With a roll of her eyes, Chell gave a laugh. "The only thing I've ever murdered was you—unless turrets count too—and you're a bigger target than those scientists," she said as she drew trees around her picture of the deer. "Also, you don't move. They can run and hide."

A ripple of irritation passed through GLaDOS at her words: so it was easy to murder her just because she was large?

And after a moment, a wide grin slowly spread across Chell's face as she turned to GLaDOS, realization dawning on her.
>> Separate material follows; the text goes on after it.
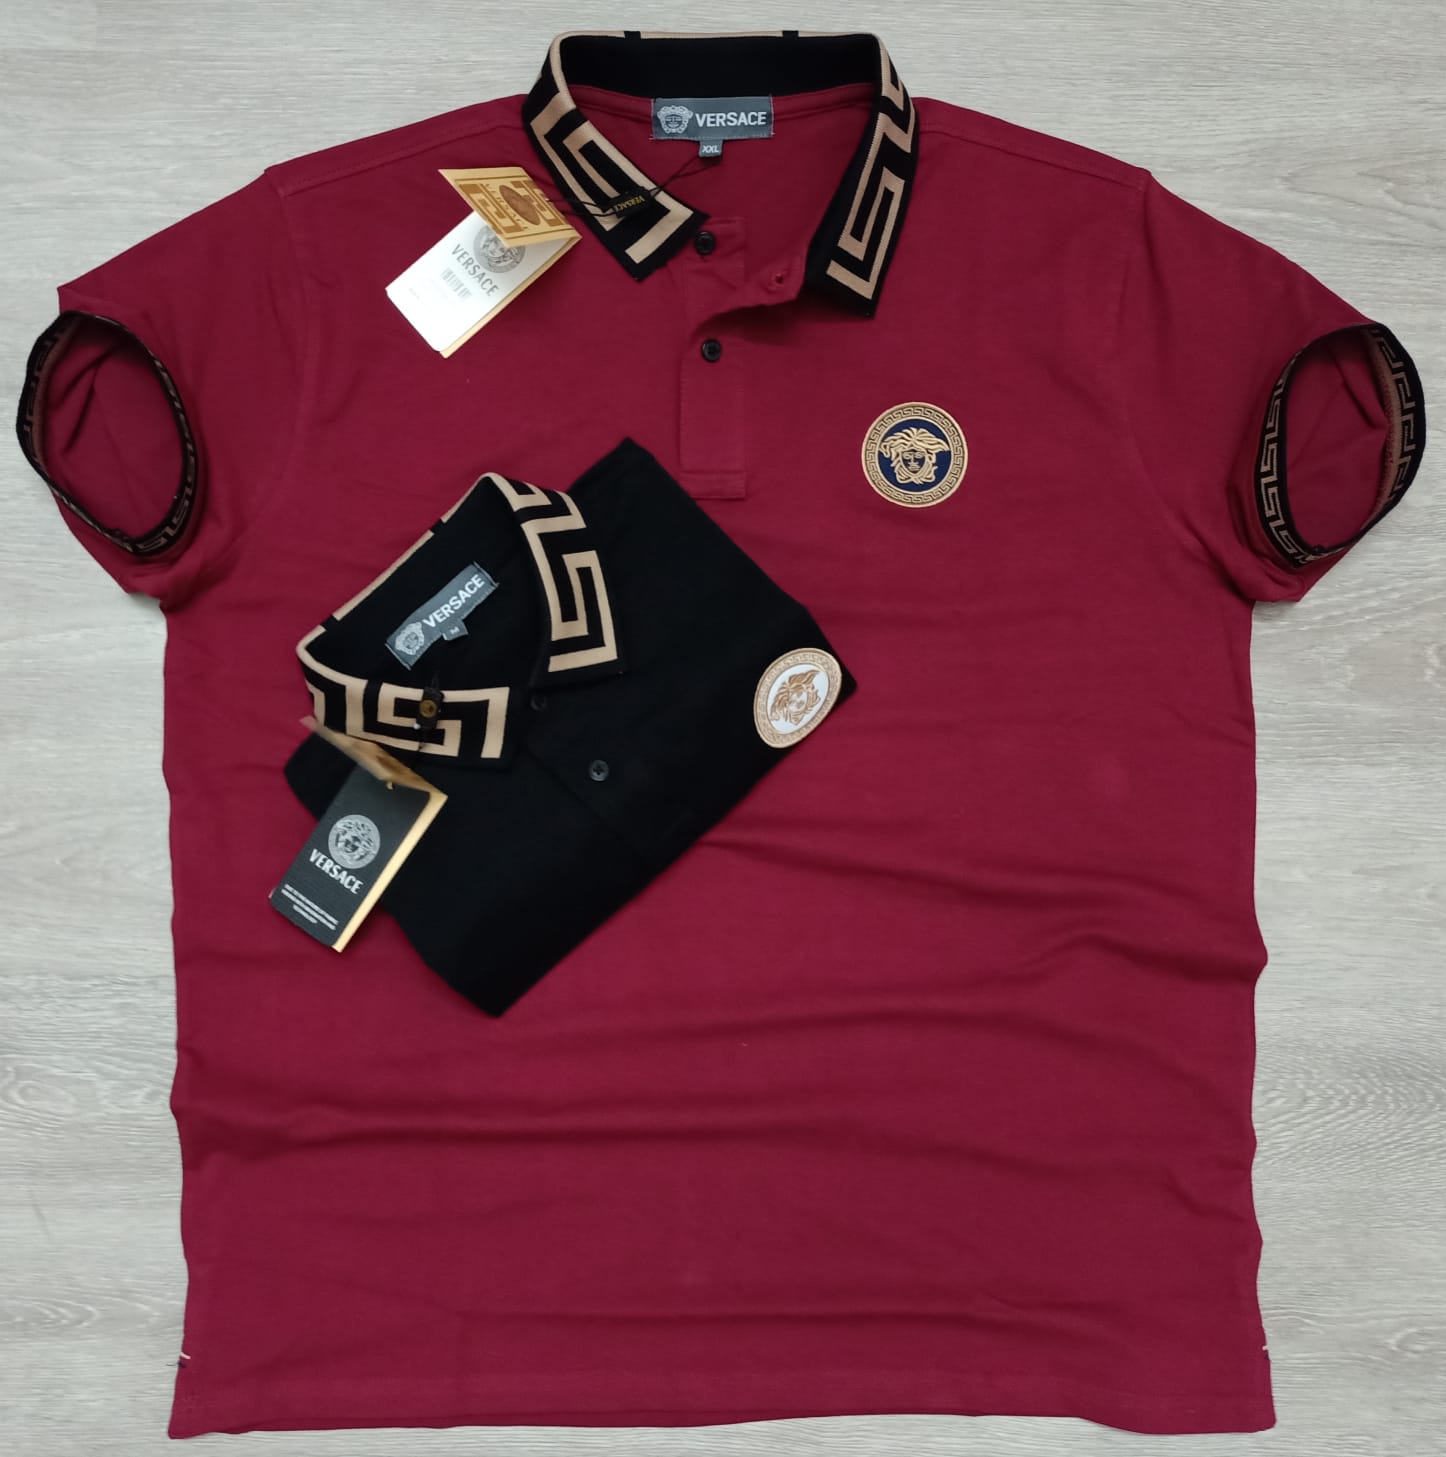 Imported Super Premium Cotton Polo Shirt For Men - ZPL02 - Maroon

"Sorry, GLaDOS," she said, visibly struggling to keep a straight face, "but it's true. You're easy to murder because of your unfortunate mechanical structure."

Clap.

Clap.

Clap.

Bravo, Chell.

Bra. Vo.

It all became too much for Chell to handle—she suddenly burst into raucous laughter, curling into a ball and clutching her stomach as her entire body quaked in her mirth. GLaDOS had heard Chell laugh before, but this—it was as though the floodgates had been opened, as though the kraken had been released, as though she had been bottling up all the laughter in her life until she was so full to bursting that her one little comment destroyed her pitiful little laugh-bottle. Even Wheatley, who often laughed along even when he hadn't any idea what was going on, looked utterly bewildered at Chell's mad laughter and, understandably, looked a little scared.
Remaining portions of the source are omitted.